Não é a primeira vez que o STF lança mão deste expediente exótico. Recentemente, o governo entrou com uma ação questionando a constitucionalidade da lei que regulamentou a desestatização da Eletrobras. Segundo a lei, nenhum acionista, seja qual for sua participação acionária, pode ter mais que 10% das ações com direito a voto, conforme o modelo de corporation. Ocorre que a União, ao invés de vender suas ações, optou por manter 42% do capital, e o governo reivindica um poder de voto proporcional a essa participação. Ou seja, a União, que vendeu o seu controle para novos acionistas, agora quer anular as regras estabelecidas por ela mesma. Diante de um ato jurídico perfeito, o STF nem sequer deveria ter reconhecido a ação. Ao invés disso, porém, a Corte estabeleceu uma “negociação” entre o governo e a Eletrobras.

A “mesa de conciliação” sobre o marco temporal é ainda mais surreal, porque entre as partes de um suposto litígio constam os próprios chefes das Casas Legislativas. Segundo o ministro, é preciso “disposição política” para resolver a questão. Ora, a aprovação da lei seguiu os ritos, passou pelas comissões e pelos plenários, onde foi aprovada pelas devidas maiorias dos parlamentares. Que outra “disposição política” pode haver além dessa? Que tipo de “acordo” o ministro espera de uma negociação com representantes do Executivo e ONGs?
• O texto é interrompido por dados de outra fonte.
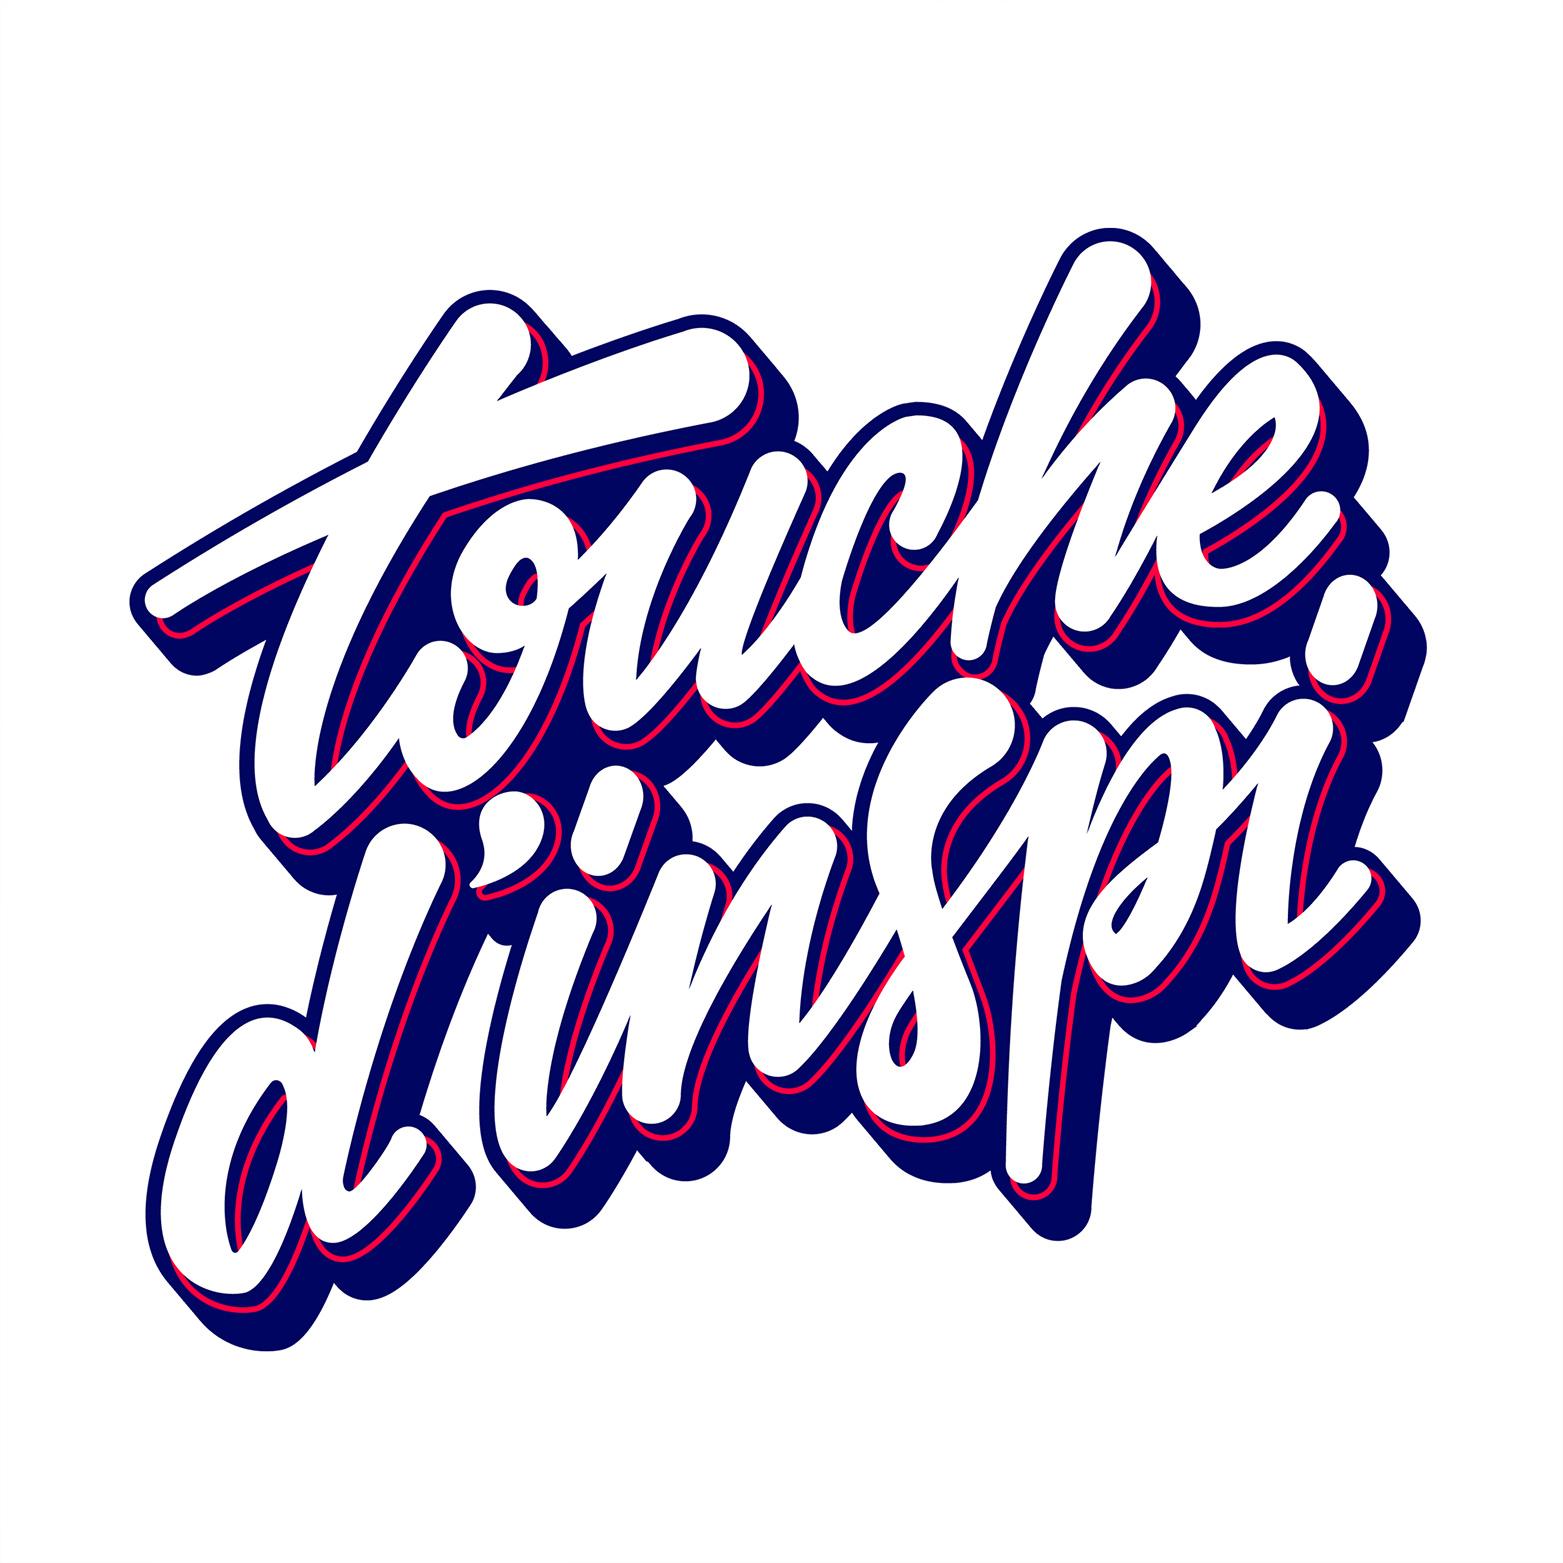 touche-dinspi

Acaso os presidentes da Câmara e do Senado devem chegar a uma solução de compromisso e reescrever a lei de próprio punho?

Esse é só um aspecto da confusão institucional fabricada pela própria Corte. Impaciente com o contrato social consagrado na Constituição e desdobrado nas leis, o STF parece não se resignar à sua condição de intérprete e quer ser reformador, avançando sobre pautas legislativas como a descriminalização das drogas, o aborto ou a regulação das redes digitais.
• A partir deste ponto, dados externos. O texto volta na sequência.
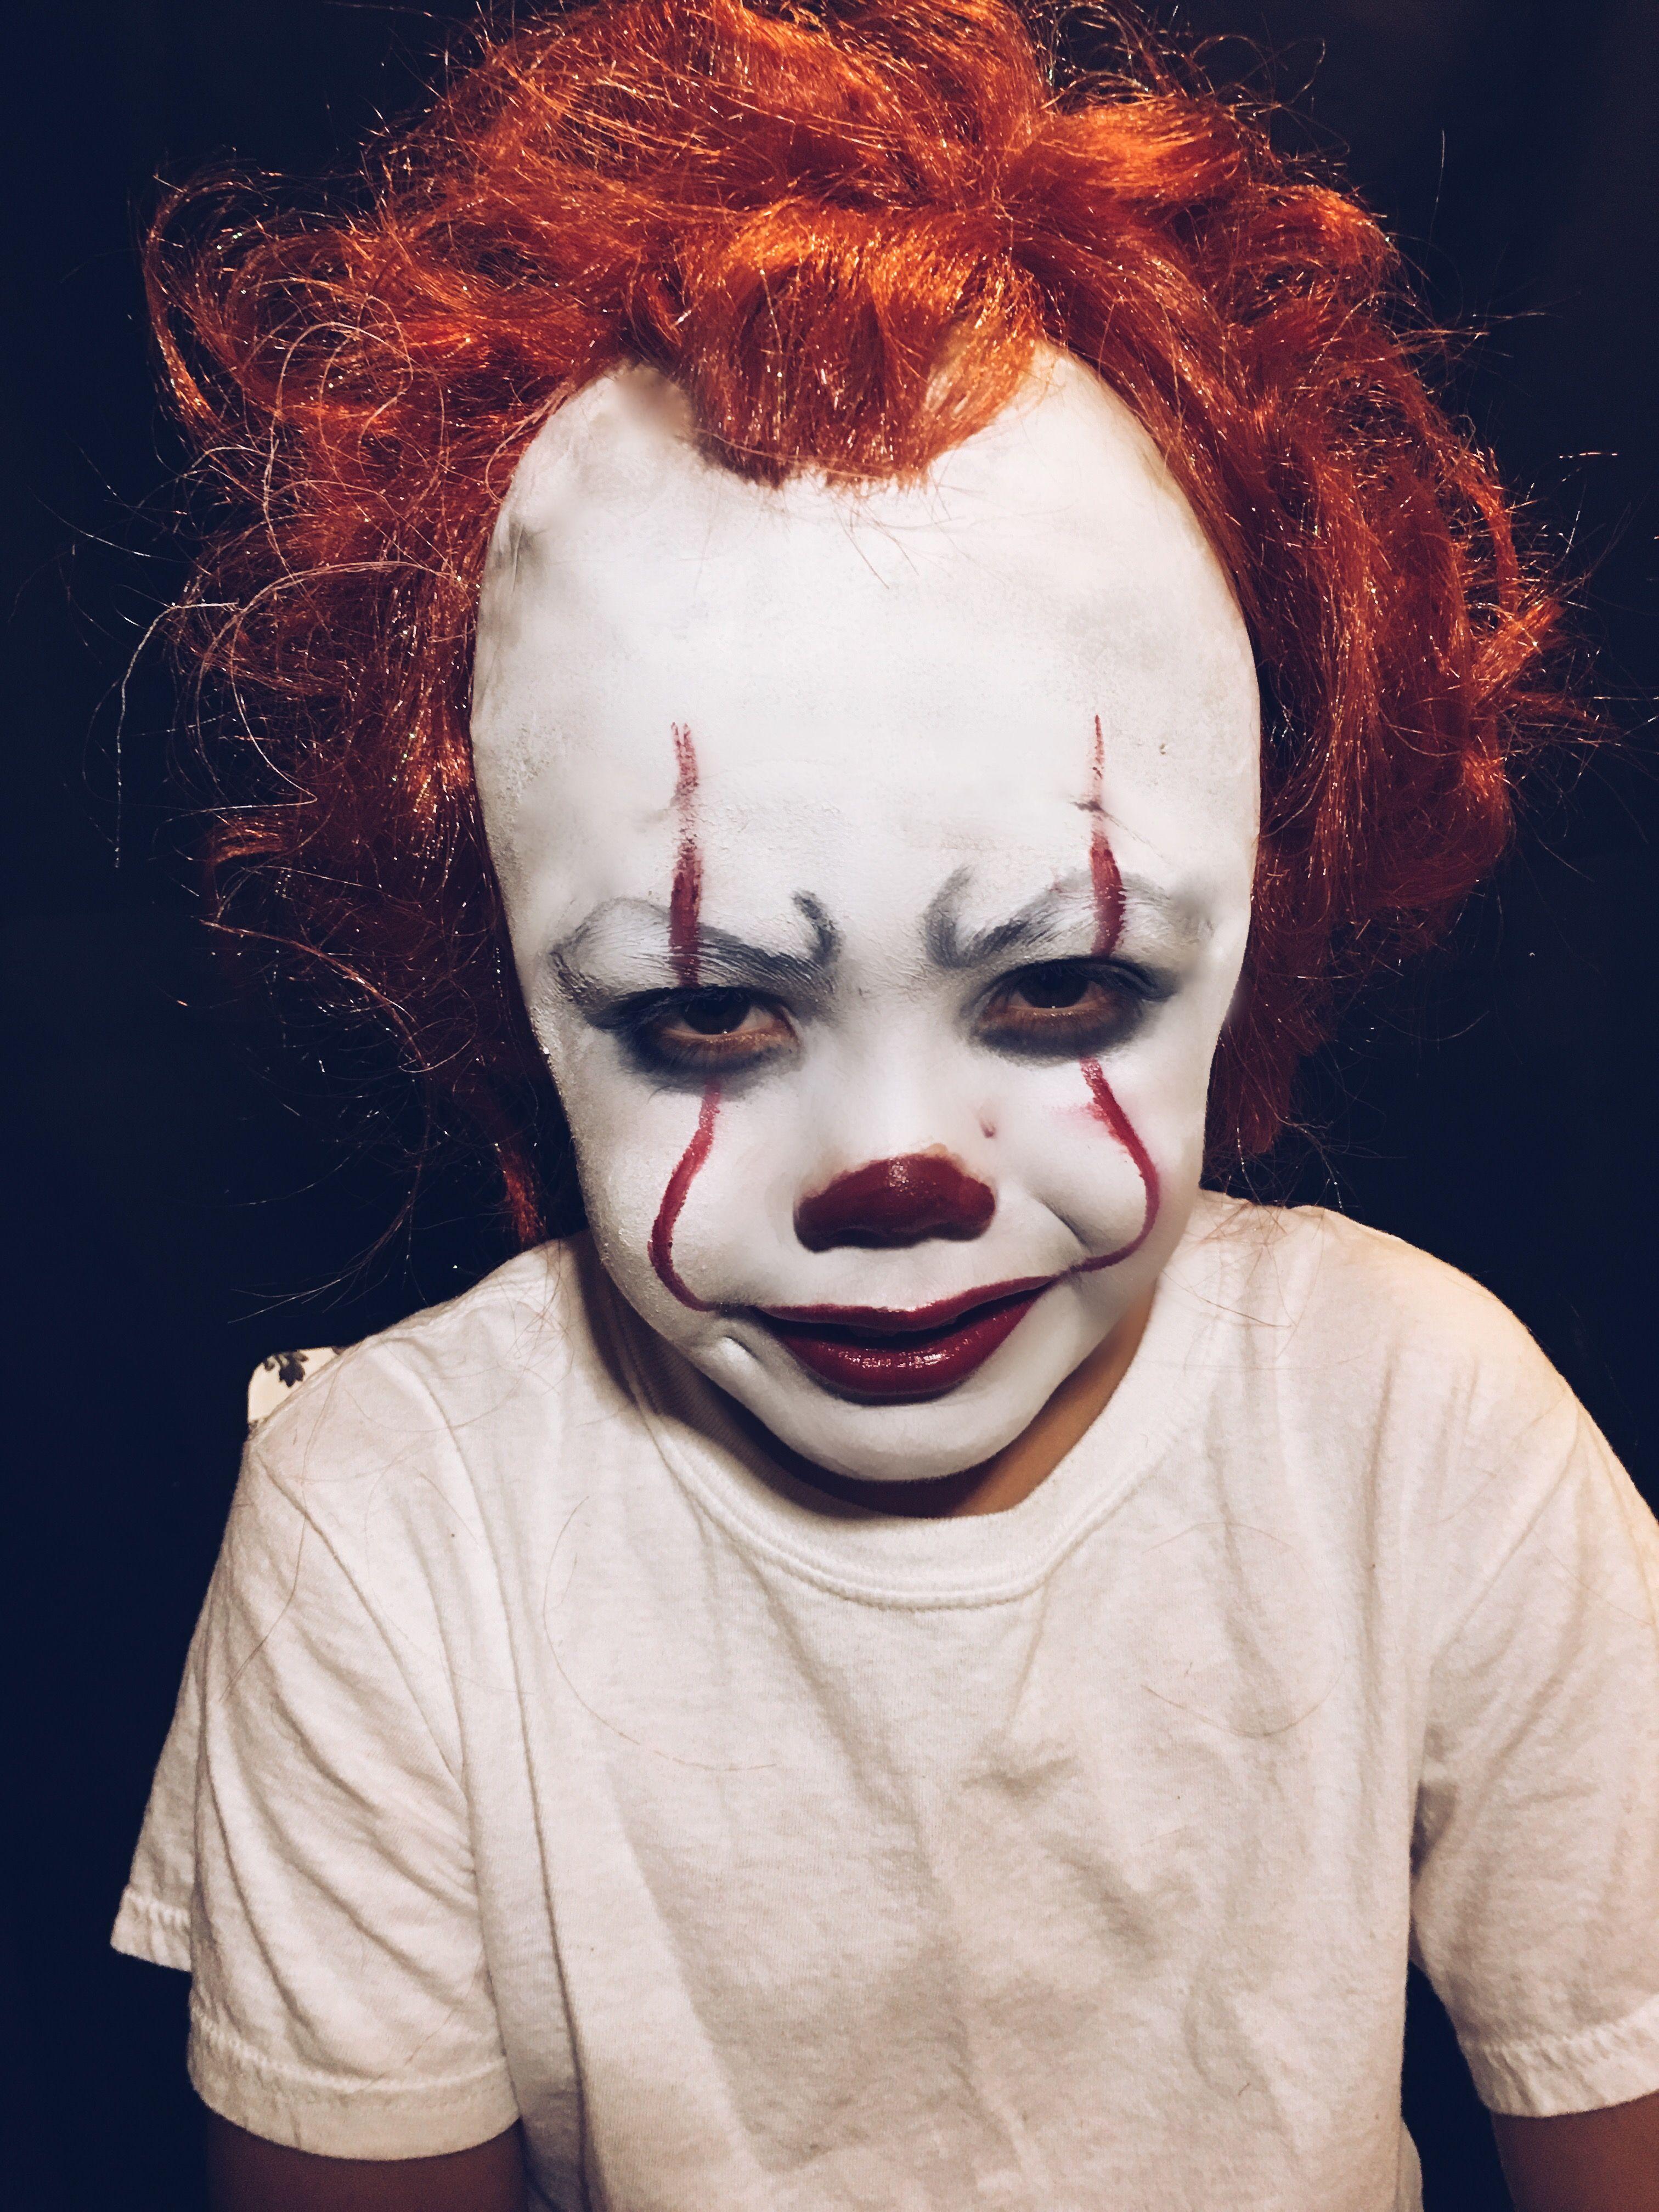 Pennywise The Clown Kids Halloween Makeup Scary Kids Halloween Costumes Clown Halloween Costumes Cool Halloween Makeup

O caso do marco é exemplar. A Constituição reconheceu os direitos dos indígenas sobre as terras que “tradicionalmente ocupam” (verbo no presente, não no passado nem no futuro). Para não deixar dúvida sobre a fixação temporal, o constituinte estabeleceu nas Disposições Transitórias um prazo de cinco anos para que a União concluísse as demarcações.

Agora que o STF decidiu que o marco constitucional, ora vejam, viola a Constituição, a consequência seria declarar a nova lei inconstitucional. É evidente que tal decisão causaria ainda mais tensão na relação do STF com o Congresso, mas essa perspectiva não deveria ser pretexto para que a Corte, em vez de cumprir sua função de simplesmente se pronunciar a respeito da lei, se apresentasse como mediadora de um acordo sobre essa lei. Ora, a lei só é objeto de negociação no momento em que se discute sua aprovação no Congresso; uma vez aprovada, a lei deve ser apenas cumprida.
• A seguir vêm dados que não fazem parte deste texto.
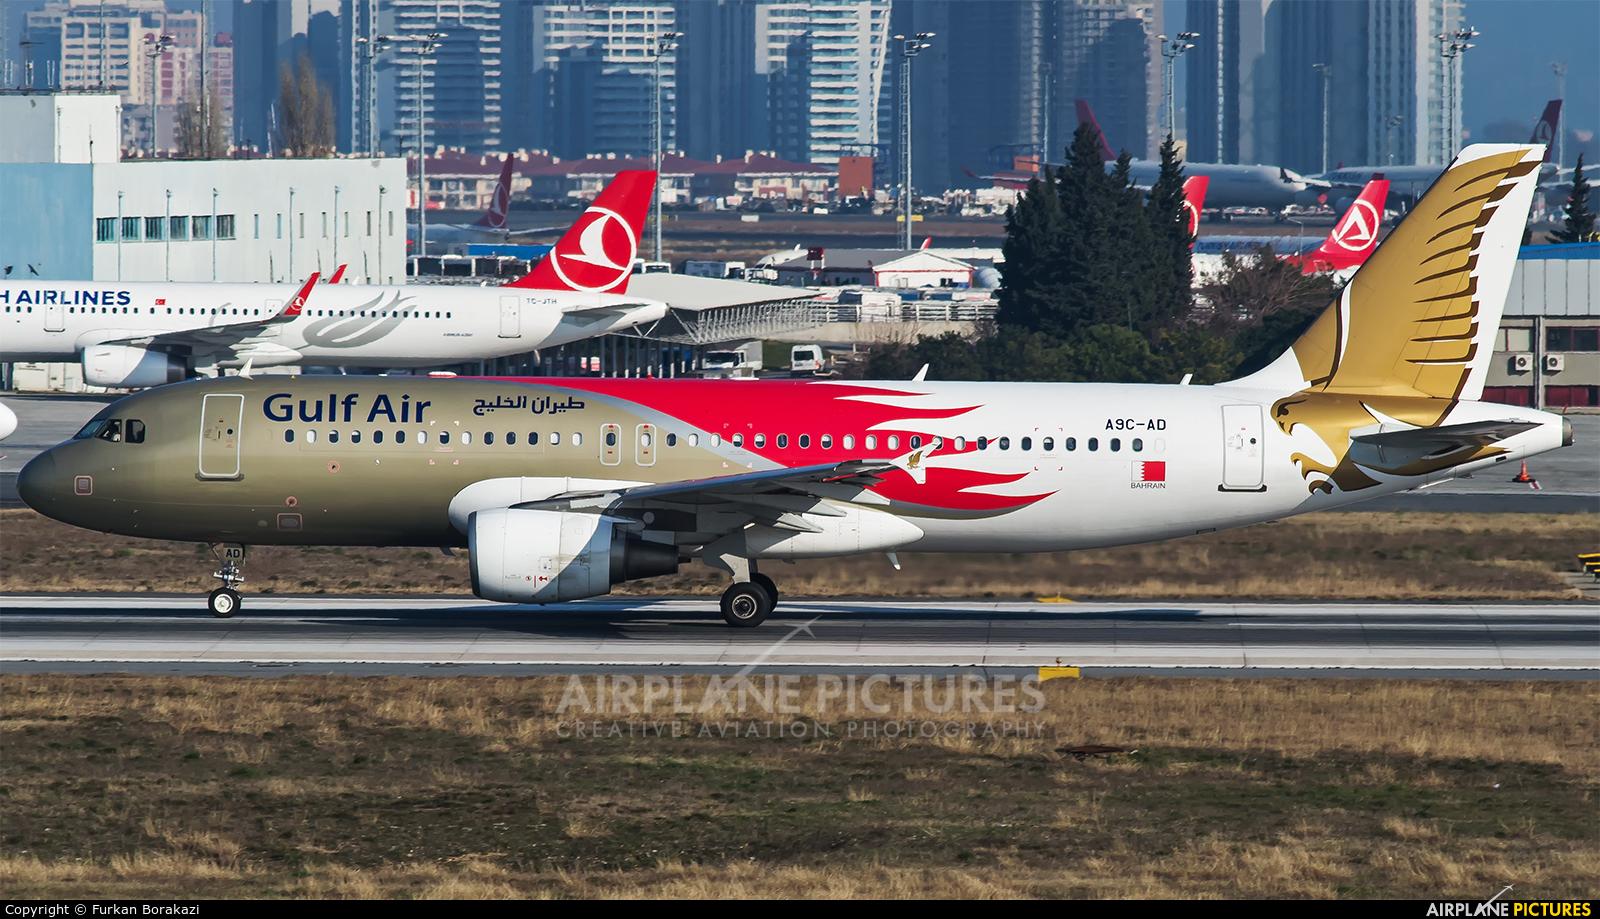 Gulf Air A9C-AD aircraft at Istanbul - Ataturk

O STF não é câmara de conciliação, muito menos para negociar direito previsto em lei. A título de, nas palavras do ministro Gilmar Mendes, evitar “grave insegurança jurídica”, o Supremo colabora para acentuá-la. Quando um Poder invade a competência de outro, pouco importa o mérito da sua decisão: há um vício de origem, e a “grave insegurança jurídica” está instalada.